Pumpkin!

Nov 09, 2009 00:42

First, read this to prime you for some awesome vegetarian recipes. (And because I'm having a rare missionary moment and feel the need to remind all of the strange southern flisty people who celebrate Thanksgiving in November that it IS possible-and delicious-to have said autumnal celebration without dead birds. Did I mention that I highly recommend Tofurky?)

A few weeks ago, harmony_bites was recounting all of her mad pumpkin adventures to me via chat, so I went out and bought a pumpkin with the intent of following suit. There was a lot of pumpkin. Most of it ended up puréed and frozen in my freezer. Some of it is still there.

The rest of it is in my refrigerator in the form of soup and casserole and pie.

This is the soup recipe, which turned out very well and was relatively easy in the land of chopping and mixing and cutting.

The other two recipes are from The New Moosewood Cookbook, which is a bible of easy, delicious, and creative vegetarian cooking.

Arabian Squash Casserole
4 cups cooked squash or pumpkin, mashed or puréed
1 tbsp olive oil
1 1/2 chopped onion
1tsp salt
2 small bell peppers (one red and one green, if possible), minced
4 or 5 medium cloves garlic, minced
black pepper and cayenne, to taste [I used chili peppers]
1/2 cup firm yogurt
1 cup crumbled feta cheese
Optional: sunflower seeds and/or minced walnuts, for the top [note: I used pecans]

Preheat oven to 375 F.
Place the mashed or puréed squash in a large bowl.
Heat the olive oil in a medium-sized skillet. Add onion, and sauté over medium heat for about 5 minutes. Add salt and bell peppers. Sauté about five more minutes, or until the peppers begin to get soft.
Add garlic, black pepper, and cayenne, and sauté a few more minutes
add the sauté, along with yogurt and feta, to the squash, and mix well. Spread into an ungreased 9-inch square baking pan; sprinkle the top lightly with sunflower seeds and/or mixed walnuts.
Bake uncovered for 25 to 30 minutes, or until bubbly.
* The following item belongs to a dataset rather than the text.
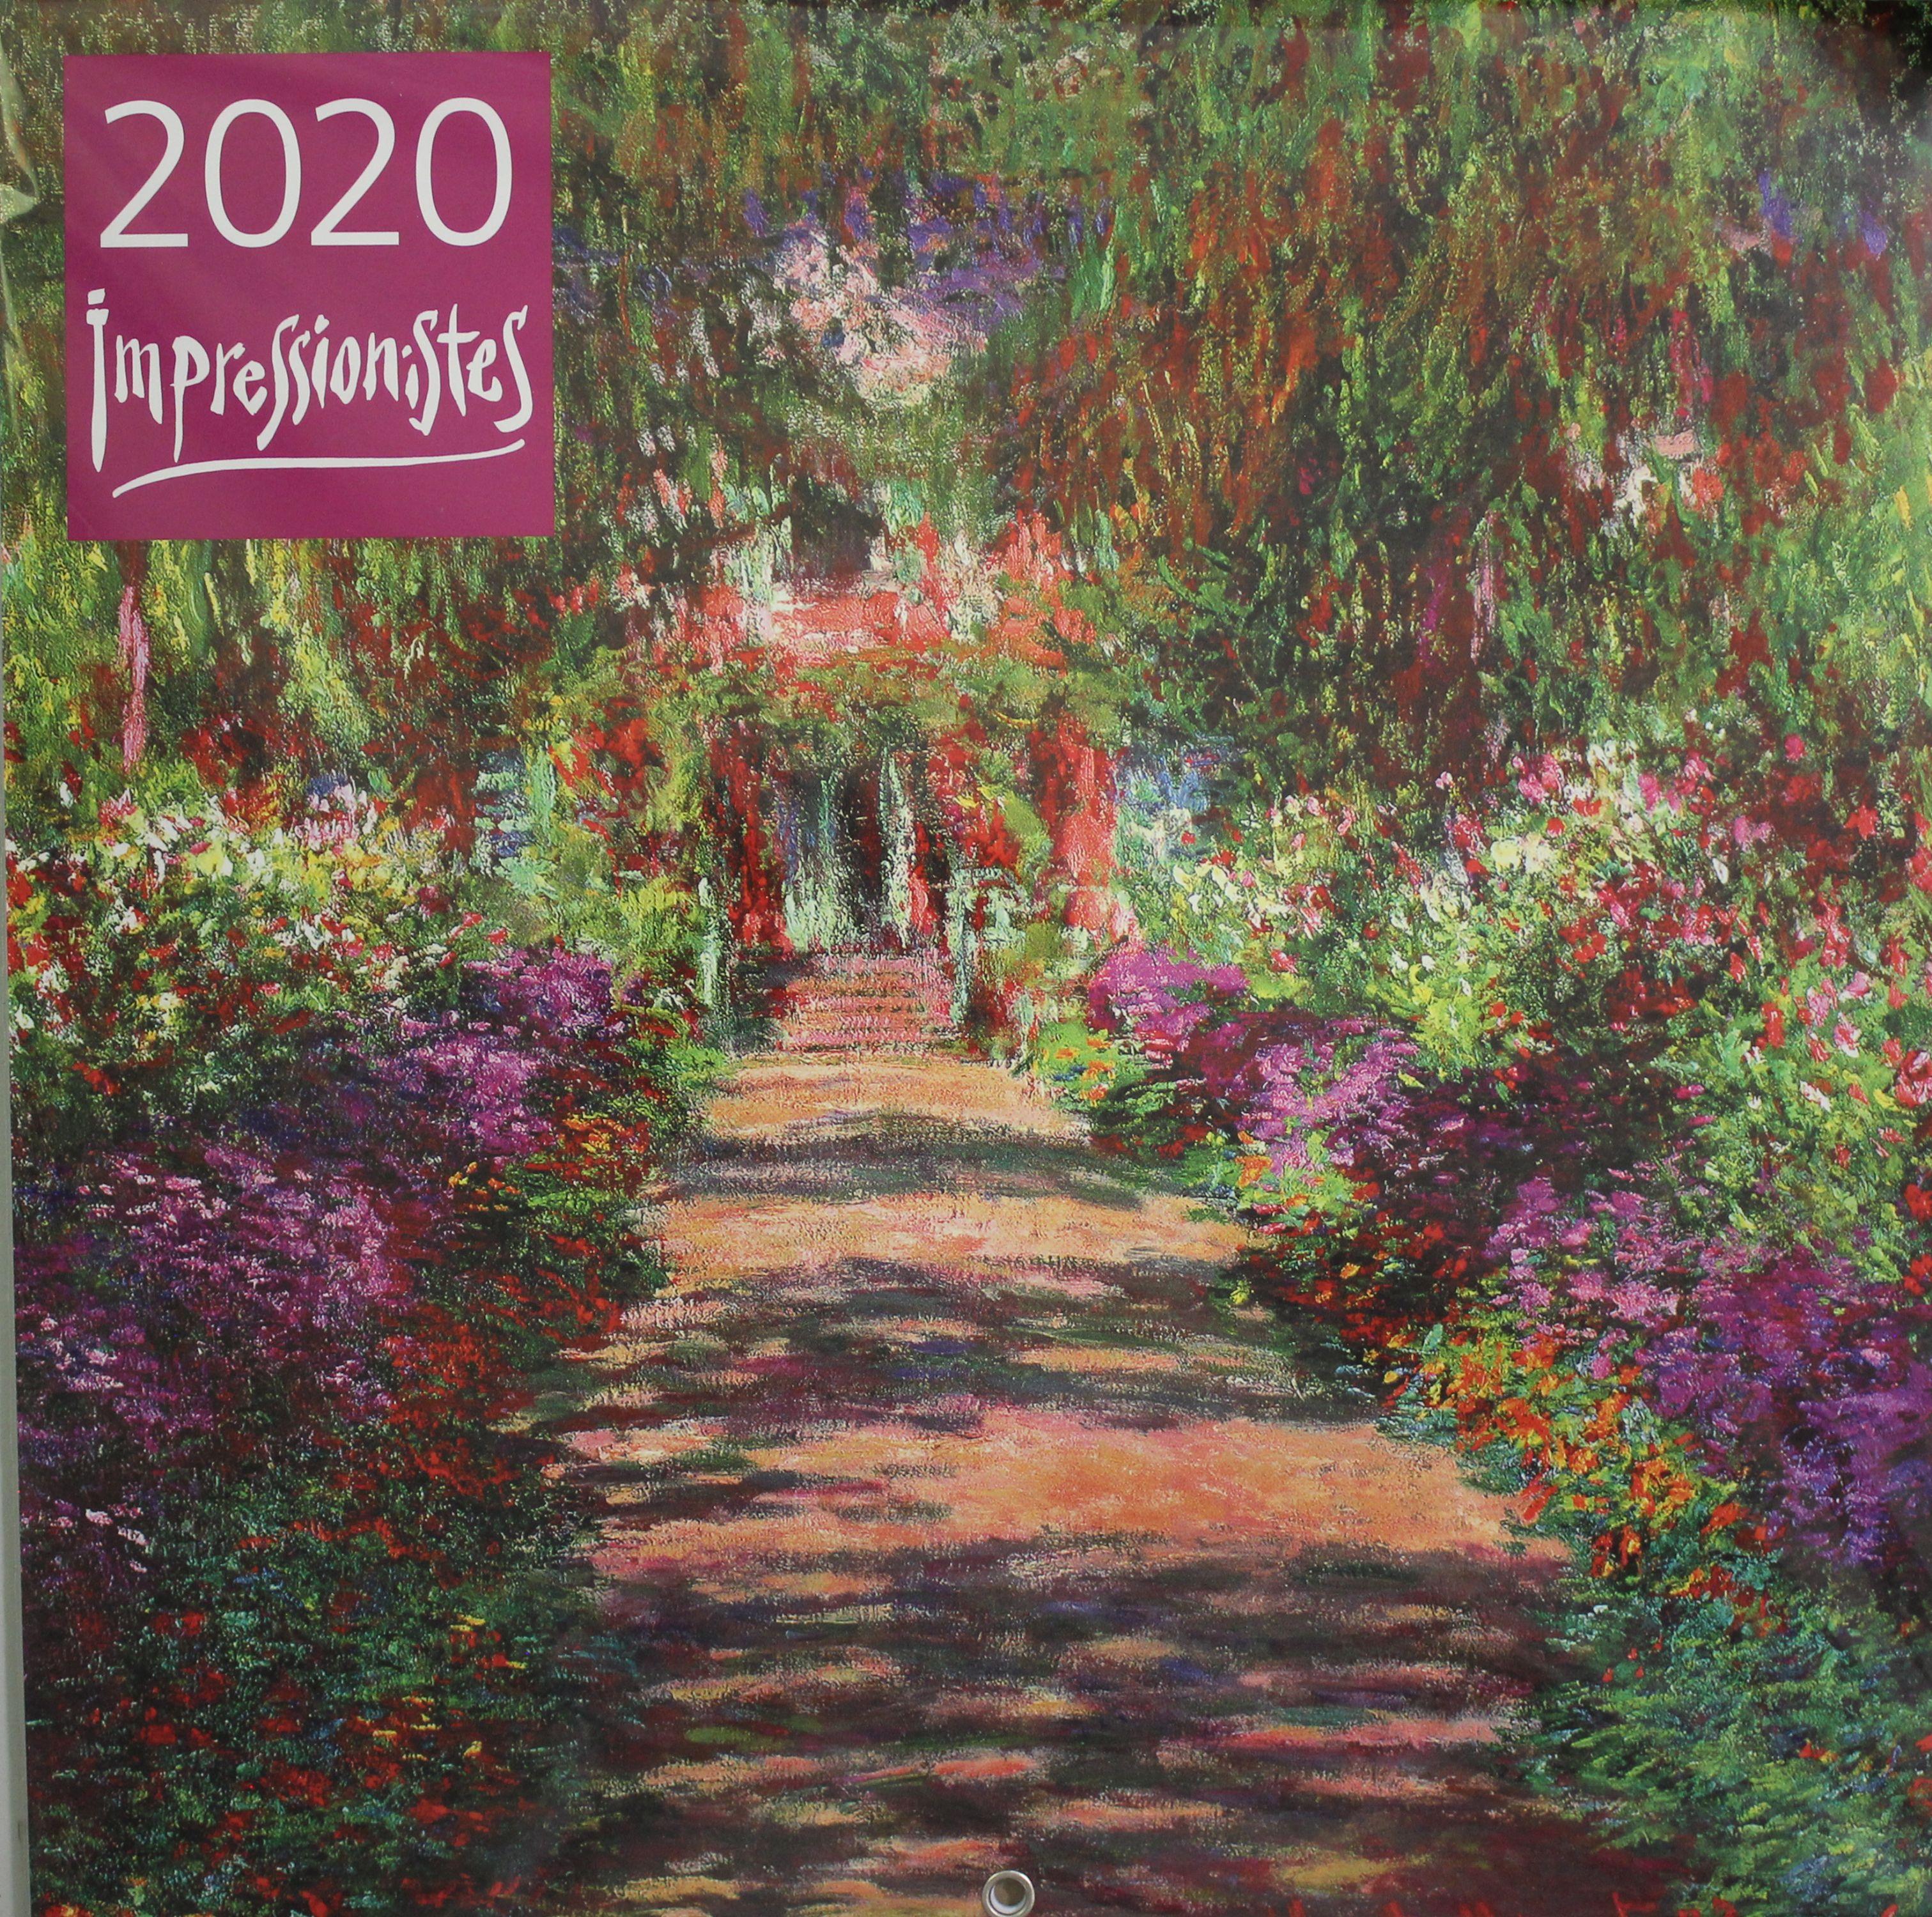 Импрессионисты. Календарь настенный на 2020 год (300х300 мм)
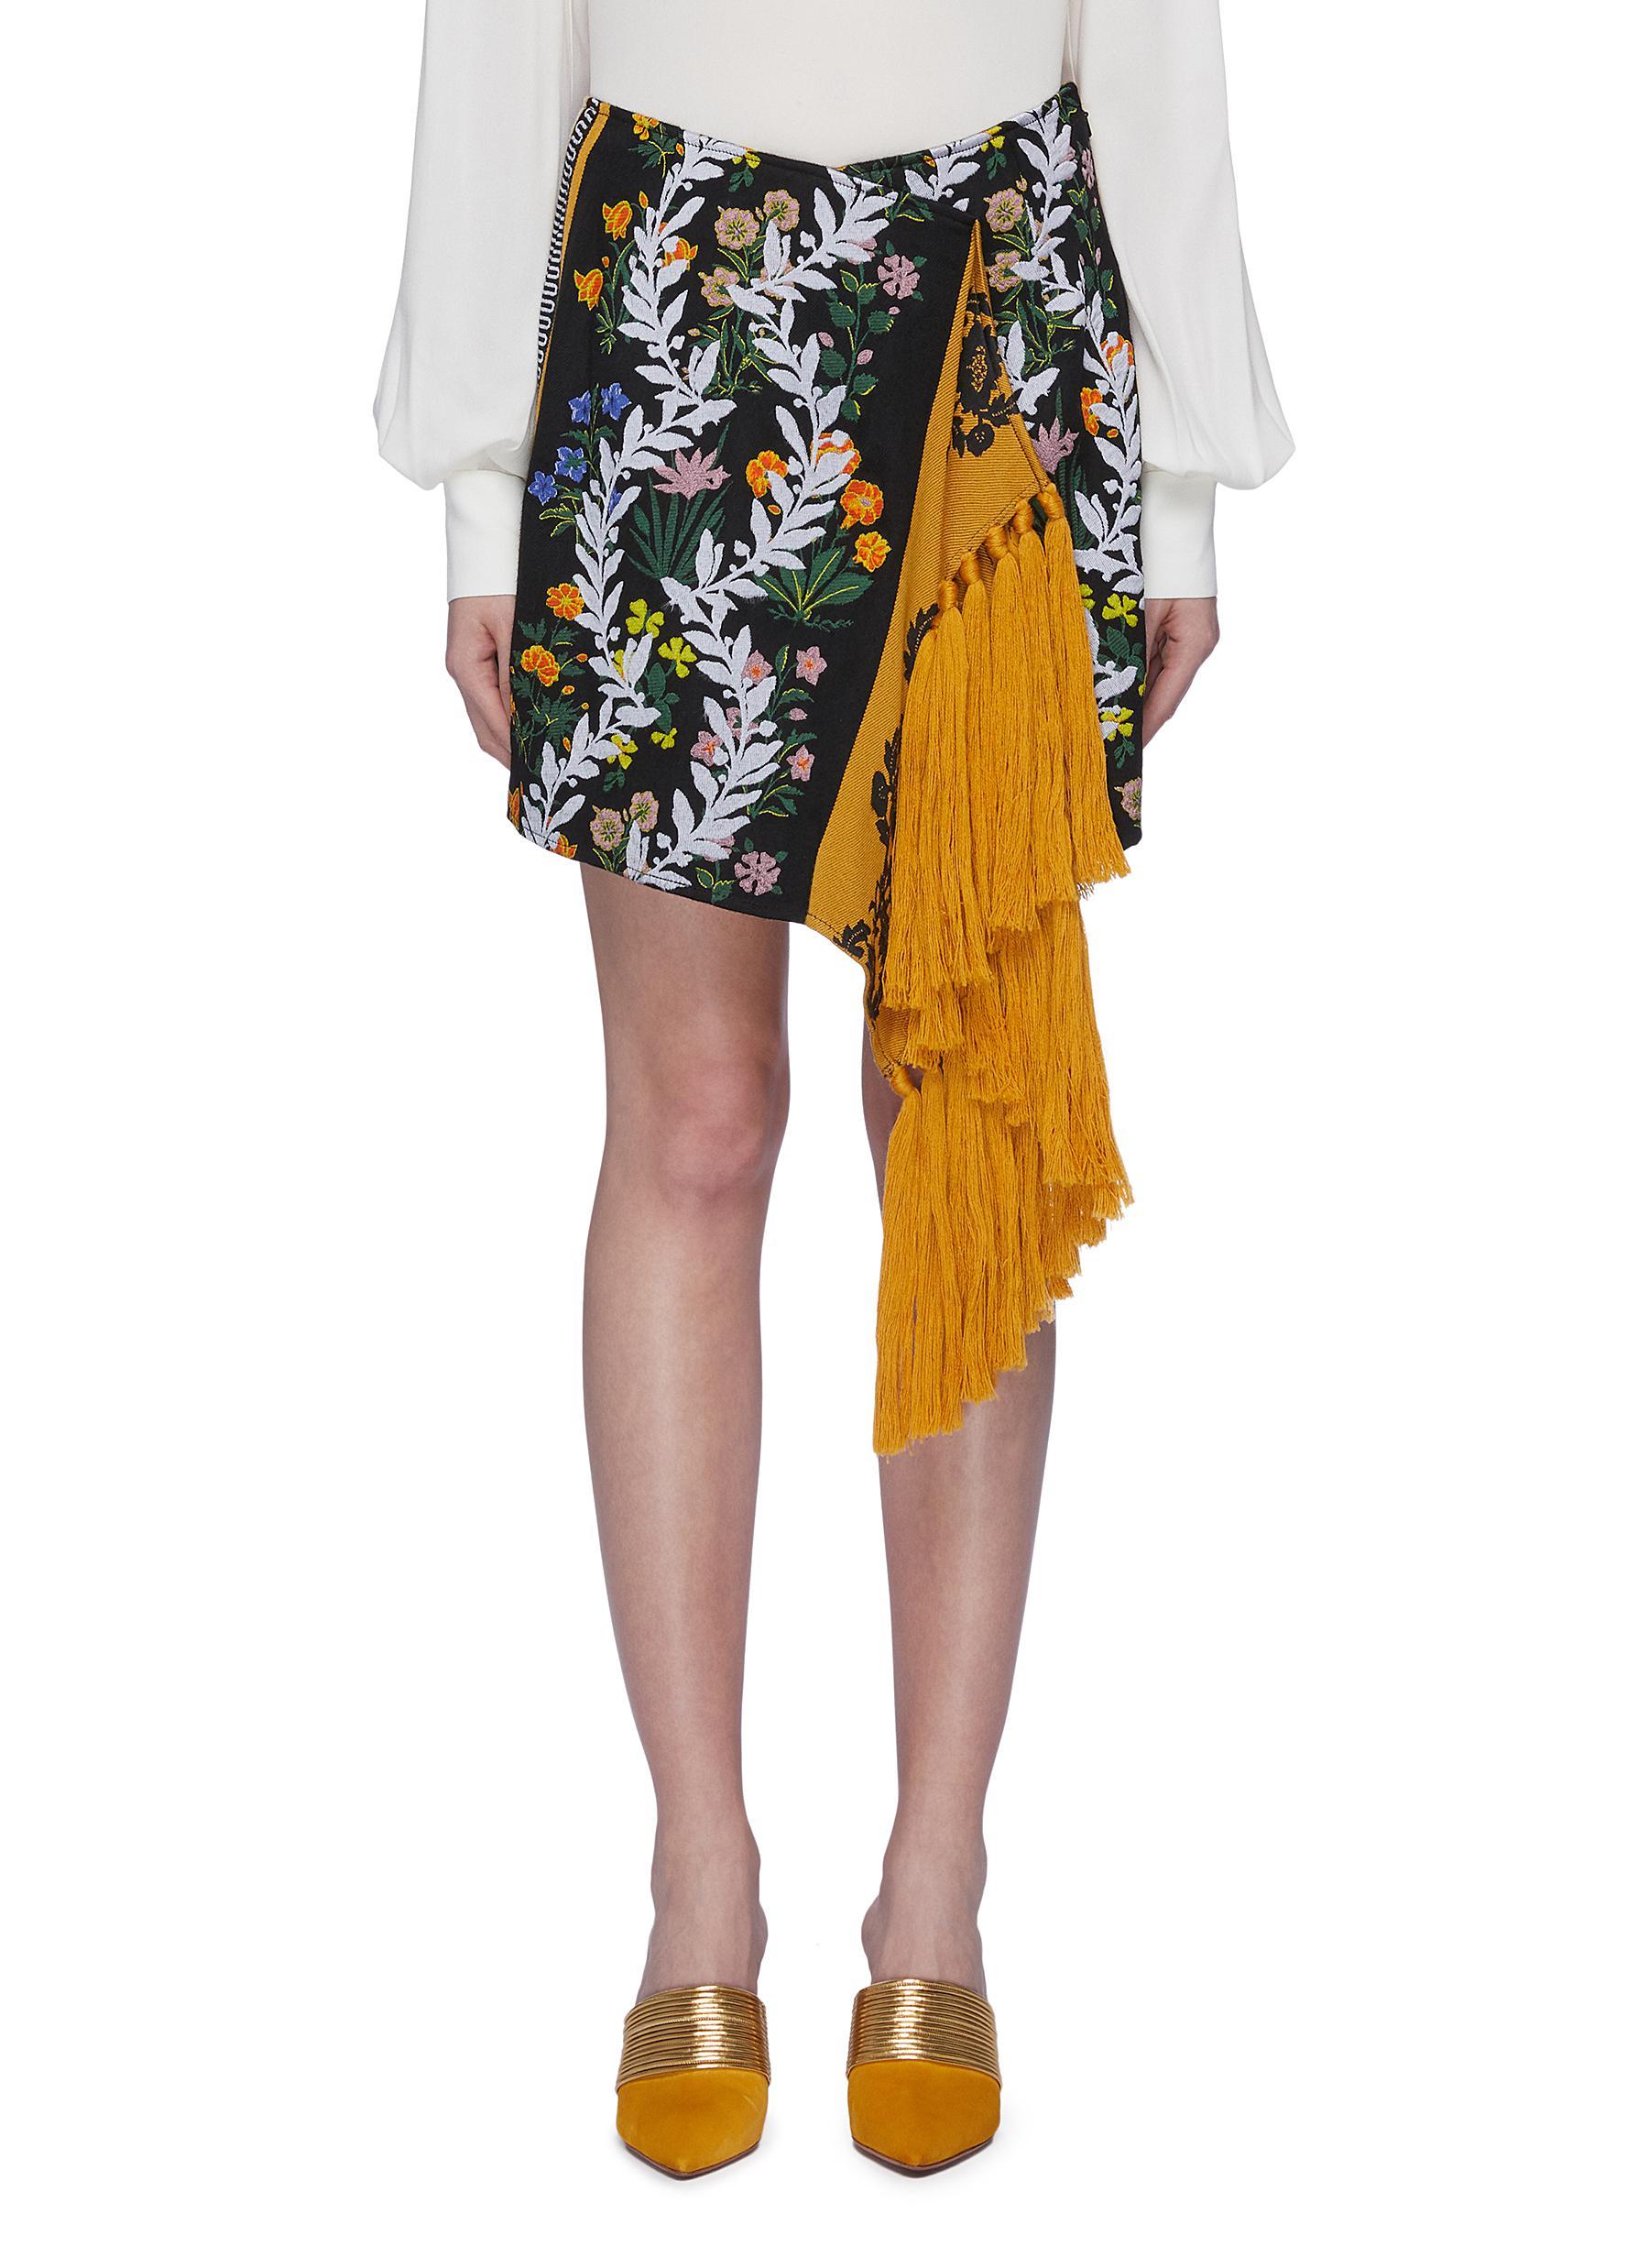 Tassel fringe drape mix floral patchwork skirt by Oscar De La Renta

Note: I served it with toasted pita bread and it was delicious. The cookbook also suggests a delicious-sounding variation, which doesn't have the yogurt, feta, seeds, or walnuts. Instead, add 1tsp cumin, 1/2 tsp dried coriander, 1 tsp chili powder, 2 cups corn, and top with 1 cup grated cheddar.



Crust:
6 tsp butter or margarine [I used that Earth Balance stuff, which I think works better than real butter. A nice alternative in pretty much everything if you are trying to cut back on dairy or have something healthier, etc.]
1 1/2 cups flour
about 4 tbs cold water, milk, or buttermilk.

Use a pastry cutter, two forks, or a food processor to cut together the butter and flour until the mixture is uniformly blended and resembles coarse corn meal.
Add just enough liquid to hold the dough together. Roll out the dough and form a crust in a 9- or 10-inch pie pan.

Filling:
2 cups cooked, puréed pumpkin or squash
1/4 cup white sugar
1/4 cup brown sugar
2 tbsp molasses
1/2 tsp. ground cloves or allspice
2tsp cinnamon
2 tsp powdered ginger
3/4 tsp salt
2 beaten eggs [note: I used 2 tbsp ground flax with 6 tbsp water]
1 cup evaporated milk

Preheat oven to 375F.
Place pumpkin or squash purée in a medium-sized bowl, and add all other filling ingredients. Beat until smooth.
Spread into the pie crust and bake at 375 for 10 minutes. Turn the oven down to 350, and back another 40 minutes, or until the pie is firm in the centre when shaken lightly.
Cool at least to room temperature before serving. This pie tastes very good chilled, with rum- or vanilla-spiked wipped cream, or some high-quality vanilla ice cream.

Notes: When it says 'no fault,' it means it. This was sooooo quick/easy and hands-down the best pumpkin pie I have ever tasted. And my baking skills aren't all that great, so this is impressive indeed. And if anyone knows a dairy-less substitute for dehydrated milk, do let me know. I'll never be a true vegan, but I like to flirt with it occasionally (and help out the dairy-allergic friends).

Also, for those interested, the new Imogen Heap album is fucking amazing.